Concrete-filled steel tube-enhanced steel plate-reinforced concrete (CFST-SPRC) shear walls have been proposed for use in super high-rise buildings. This paper presents an experimental study of CFST-SPRC shear walls that aims to evaluate their seismic behavior. Three CFST-SPRC shear wall specimens with varying steel plate thicknesses and concrete strengths were tested under constant axial force and reversed cyclic loading. All of the specimens experienced a progression of failure from web concrete cracking, to local buckling of the steel tube plates, to fracturing of the vertical welds at the corners. One specimen exhibited brittle failure at the end of testing due to the sudden crushing of web concrete. Stable and full hysteretic behavior was developed by the shear wall specimens, indicating a capability for stable energy dissipation. The ultimate drift ratios were around 1.7% for all of the specimens. The flexural and shear deformations of the shear walls, and the base rotation caused by local deformations in the foundation beam, all provided a negligible contribution to the total lateral displacement.
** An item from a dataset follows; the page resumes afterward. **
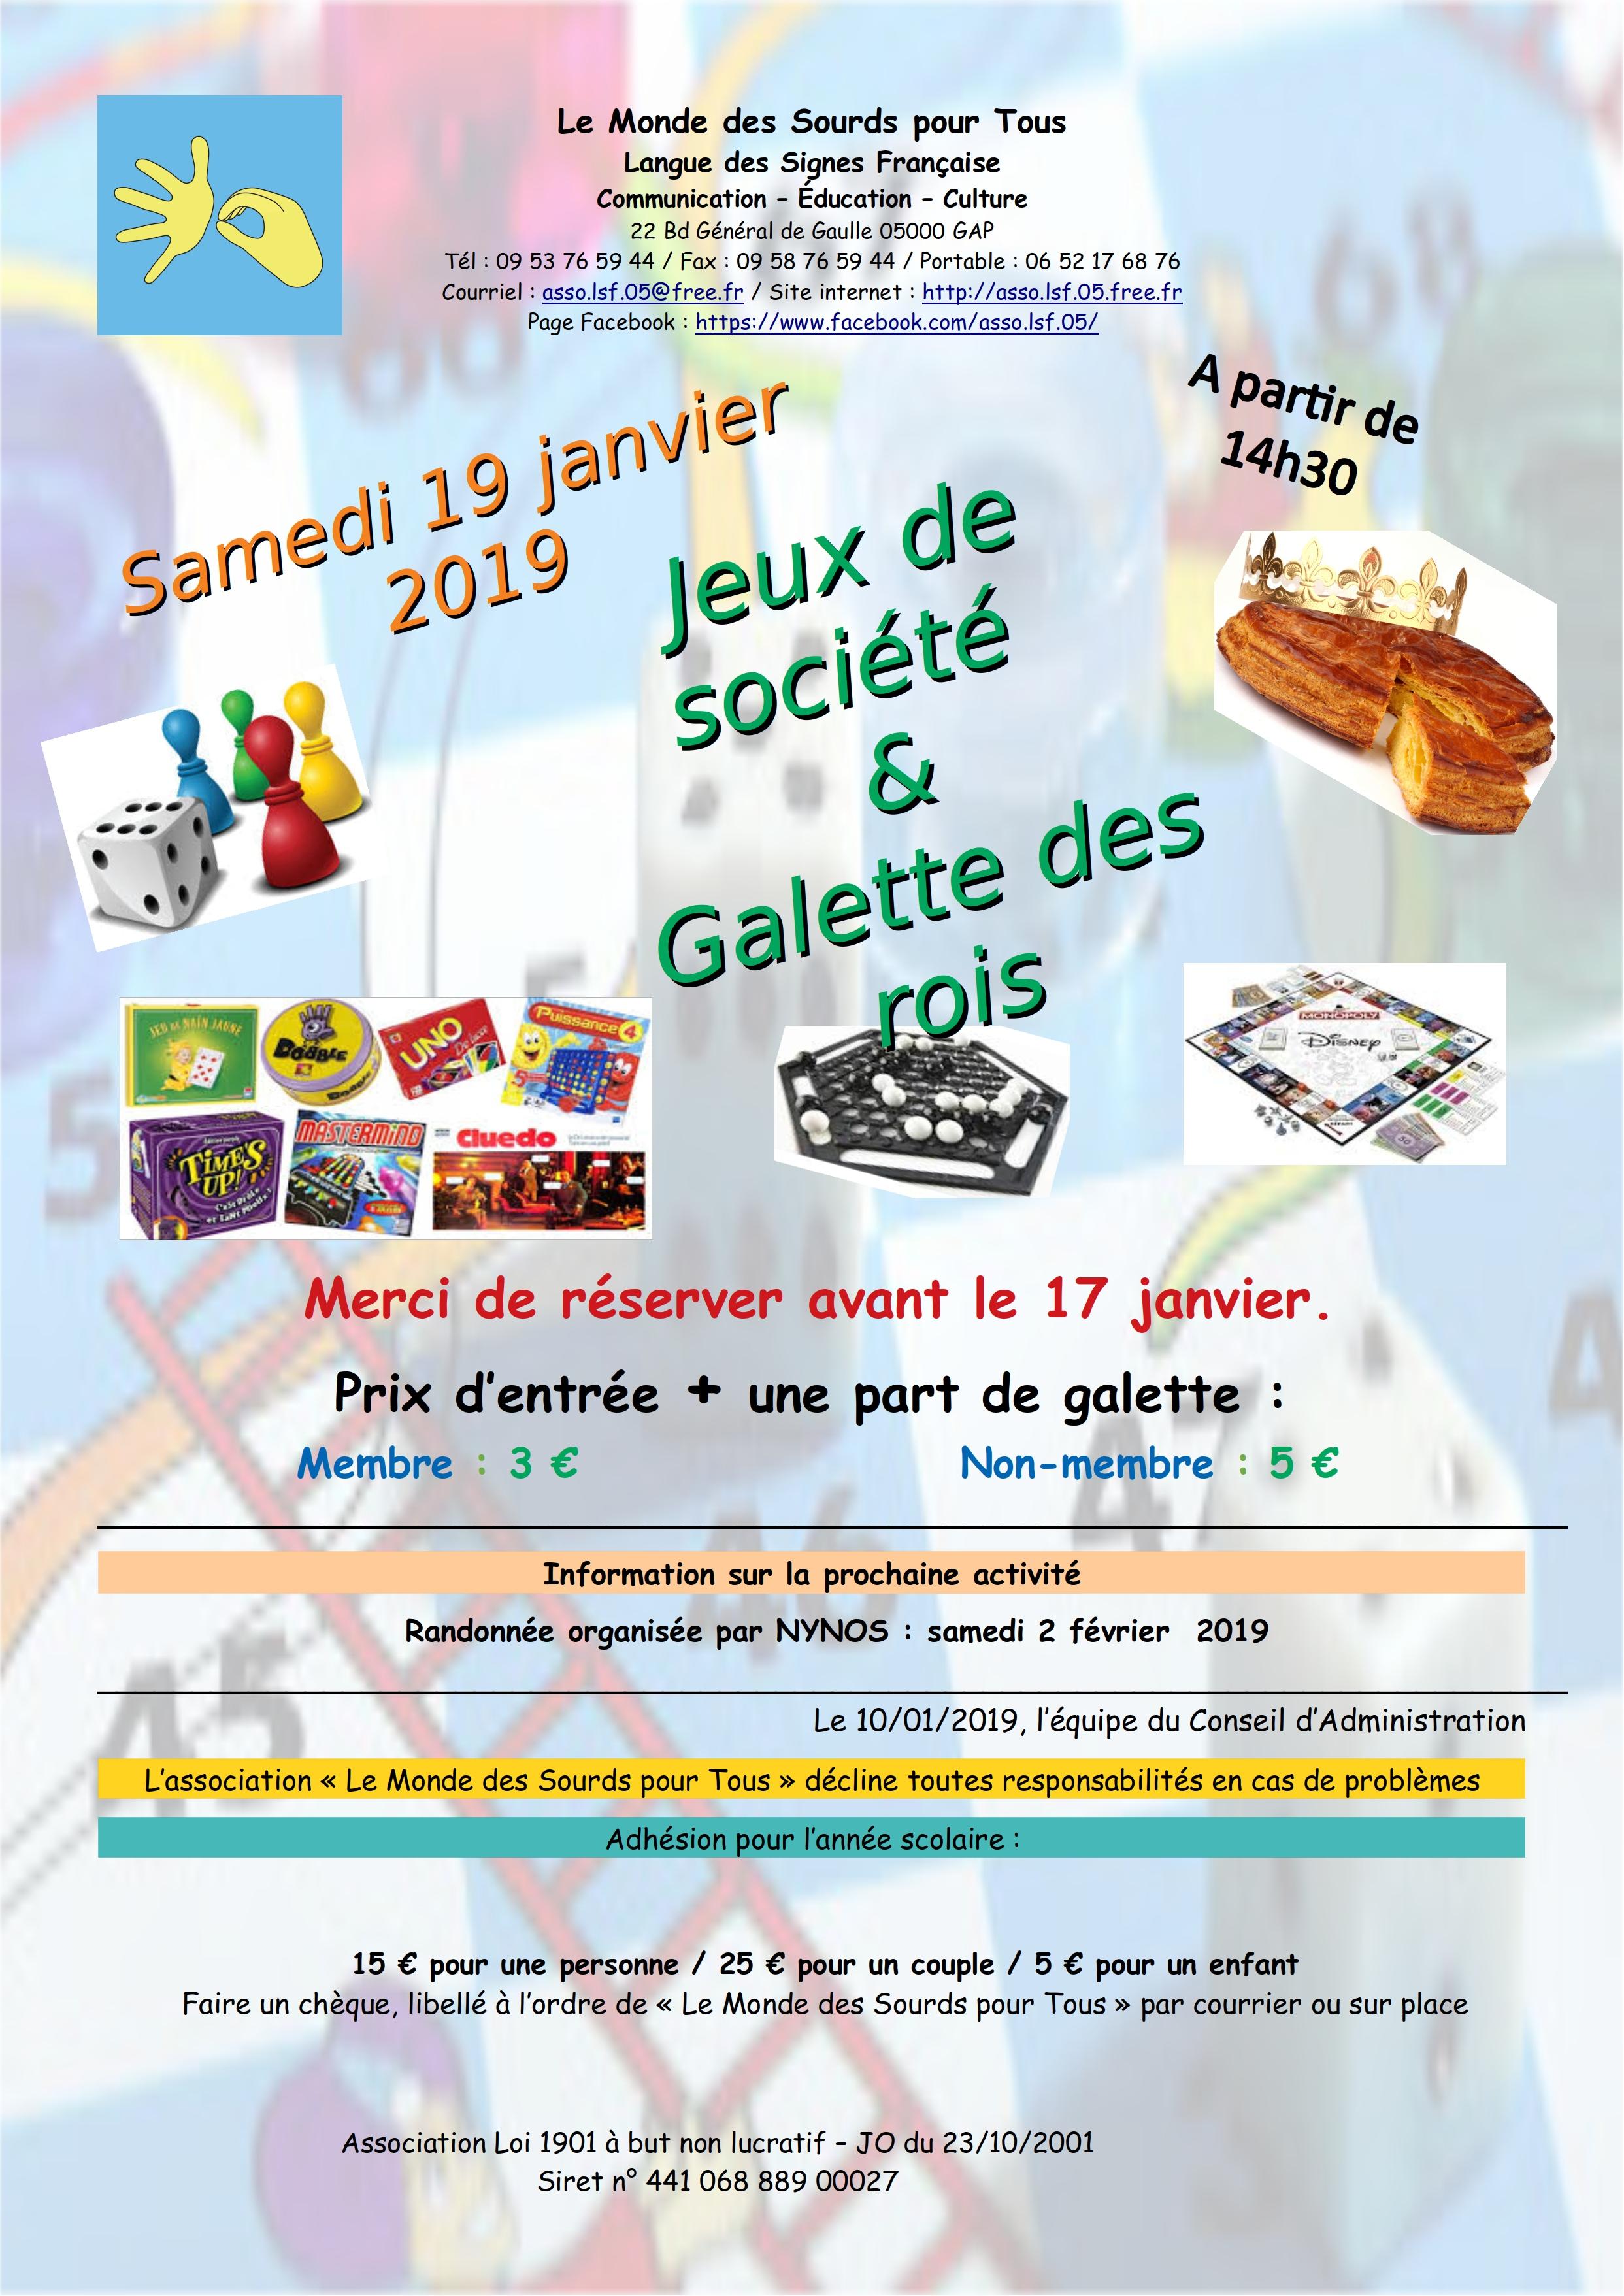 Affiche Jeux de société et Galette des Rois le samedi 19 janvier.

The proportions of the flexural displacement, shear displacement and rotational displacement to the total displacement were around 0.6, 0.2 and 0.2, respectively, for all specimens throughout the loading process. Simplified design methods were proposed for evaluating the load-carrying capacities of CFST-SPRC shear walls. The proposed method provided reasonable but conservative estimations for the test shear wall specimens.